There is a risk of thrombosis regardless of:
- . clone size17:
- TEEs have been observed with a PNH clone size of around 10%18,
- a 10% increase in the size of the clone on the neutrophils/monocytes increases 1.64 times the risk of a TEE8; - . haemolysis intensity17;
- . transfusion history17;
- . anticoagulant treatments17.
In PNH patients, anticoagulation alone is not always sufficient and there is a risk of bleeding in thrombocytopenic PNH patients5, 8.
Deterioration in quality of life
PNH patients have a lower quality of life than the general population. This is because, as the disease progresses, it is accompanied by dysphagia, dyspnoea, abdominal pain, erectile dysfunction, along with chronic fatigue1, 4.
This chronic fatigue is very often debilitating, creating a considerable handicap for patients in their professional and personal life. Its intensity is correlated to the degree of haemolysis, whatever the extent of anaemia19.
Abdominal pain is often very intense, especially during paroxysms. It would appear that this is due to venous thrombosis and smooth muscle dystonia10.
This pain is accompanied by dyspnoea and dysphagia. Dysphagia appears to be caused by a nitric oxide deficiency which plays a major part in relaxing the smooth muscles10.
In addition, this NO deficiency is also thought to be the cause of erectile dysfunction affecting 35% of men10, 20.
Patients with chronic haemolysis complain of different symptoms1: apathy, malaise, myalgia, the loss of well-being, significantly reducing their quality of life.
Myelosuppression
PNH clones readily develop in a context of myelosuppression2. 40 to 50% of patients with bone marrow failure21 and 18% of patients with myelodysplastic syndrome with refractory anaemia22 have PNH clones.
There is a close relationship between PNH and myelosuppression. When the patient has myelosuppression, it seems that PNH clones have an advantage in terms of growth or survival compared to normal residual stem cells. However, in the absence of myelosuppression, mutated cells have a limited growth potential23.
PNH presents itself in a number of forms. It can take on an essentially haemolytic or aplastic form. Most often, these two forms coexist to varying extents.
Renal impairment
Renal failure (RF) is responsible for 8-18% of deaths in PNH patients24. This is a common complication in PNH patients25. RF is due to intravascular haemolysis, which is thought to be responsible locally for microthromboses8, inflammation26 and renal tissue fibrosis4.

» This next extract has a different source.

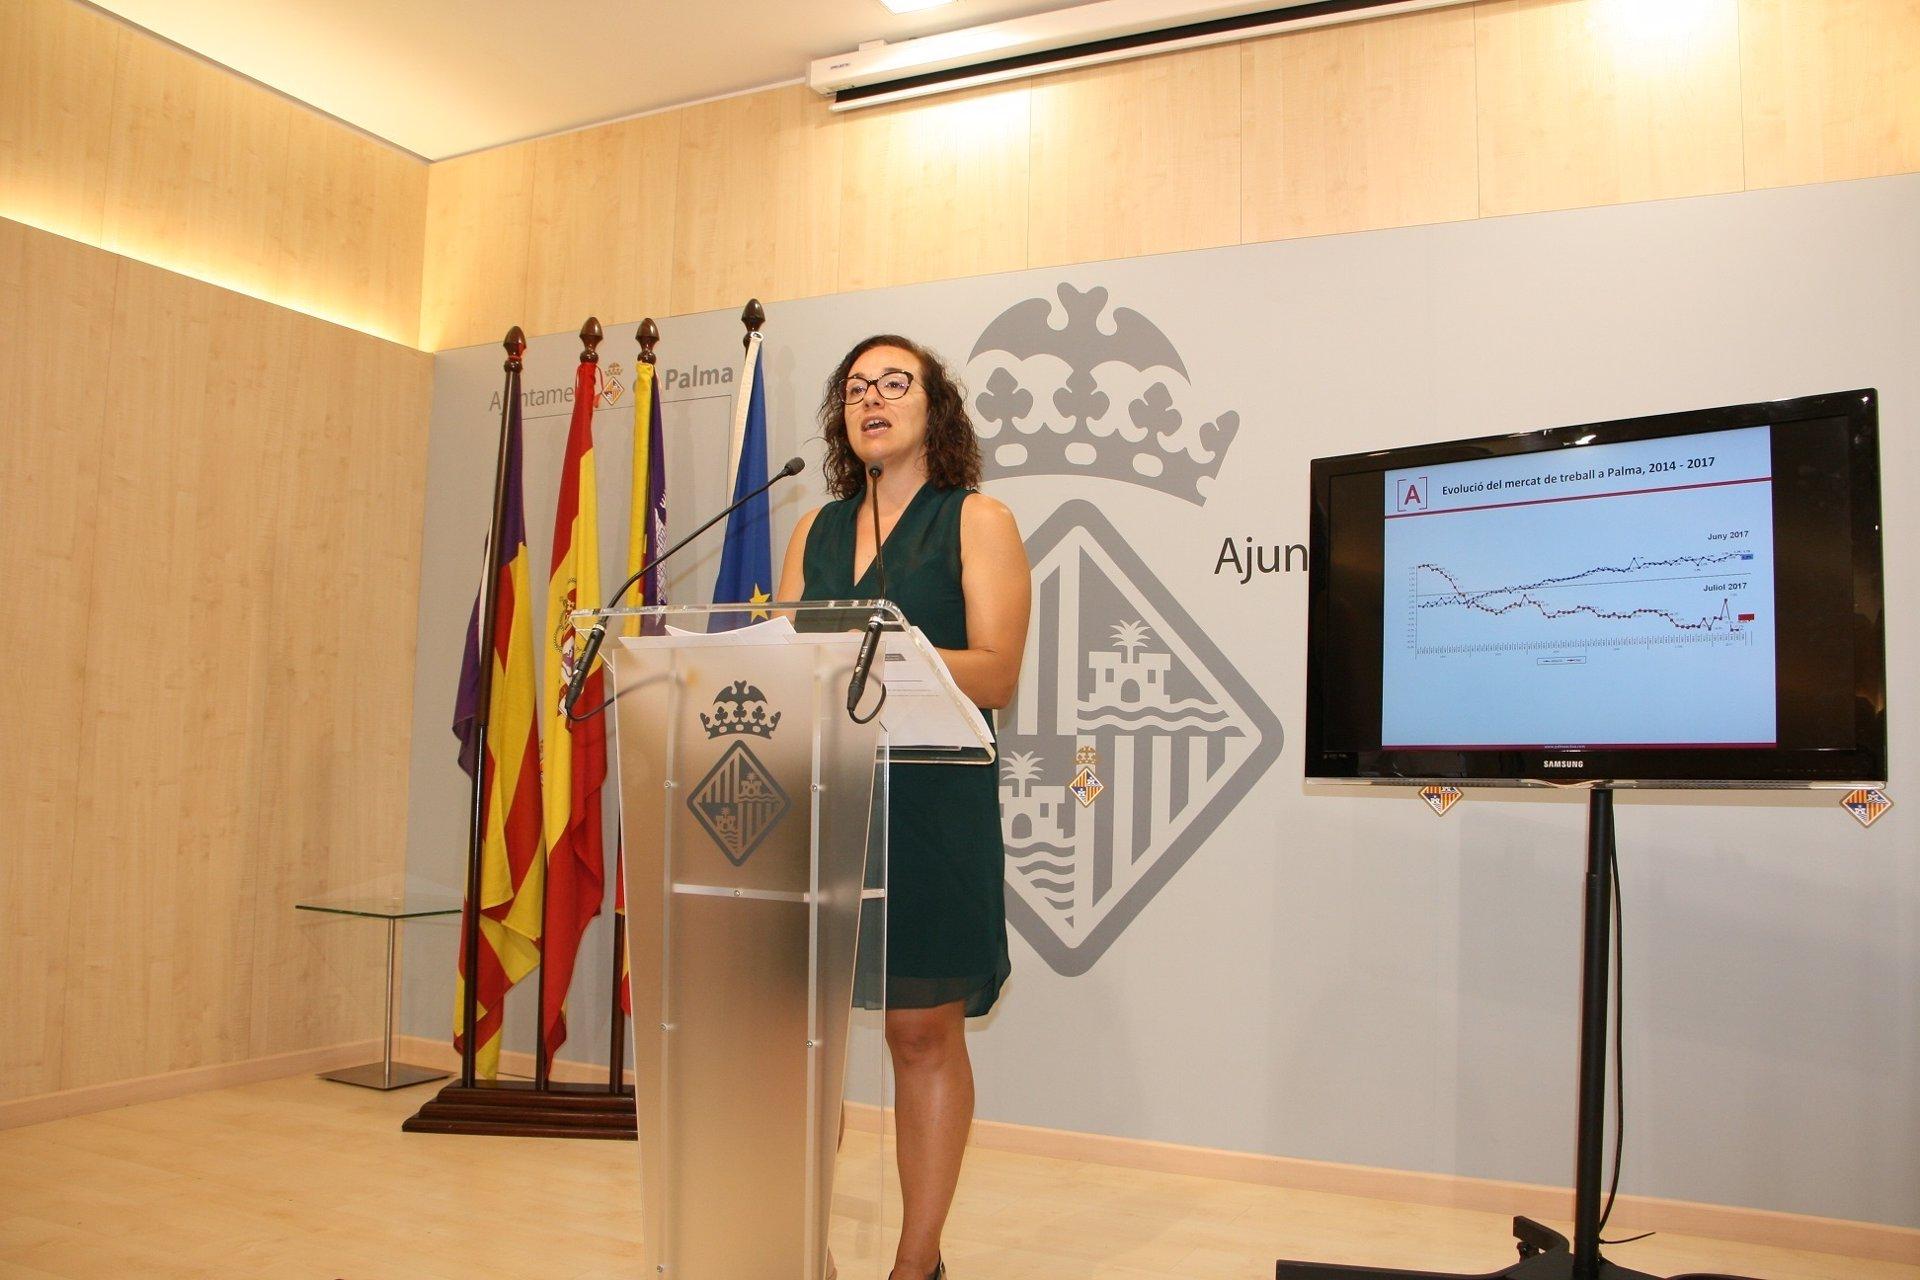 https://img.europapress.es/fotoweb/fotonoticia_20170808135056_1920.jpg

Furthermore, the deposit in the proximal renal tubules of hemosiderin produced from free haemoglobin contributes to RF in these patients4. NO deficiency results in RF by increased renal arteriolar resistance and a reduction in renal plasma flow and glomerular filtration rate (GFR)8.
Assumption of renal impairment in PNH

Prevalence of signs and symptoms at diagnosis
Prevalence1
• Anaemia 35%
• Haemoglobinuria 26%
• Bleeding 18%
• Bone marrow failure 13%
• Gastrointestinal symptoms 10%
• Jaundice 9%
• Iron deficiency anaemia 6%
• Thromboembolic events 6%
• Infections 5%
• Neurological signs 4%
PNH in pregnancy1. . In women with PNH, pregnancy puts them at increased risk of venous thrombosis and infections. They therefore have a higher morbidity and mortality. A retrospective study has shown that in 25% of cases, PNH is diagnosed during pregnancy.The incidence of clinical venous thromboembolic events during pregnancy in women with PNH is 10%. These events are associated with a high mortality rate.
Summary
- . PNH is characterised by chronic intravascular haemolysis associated to varying degrees with myelosuppression.
- . Signs commonly associated with it are: abdominal pain, dyspnoea, dysphagia, erectile dysfunction and chronic fatigue.
- . PNH increases the risk of thrombosis in unusual sites (hepatic, cerebral, mesenteric), that are recurrent and potentially fatal.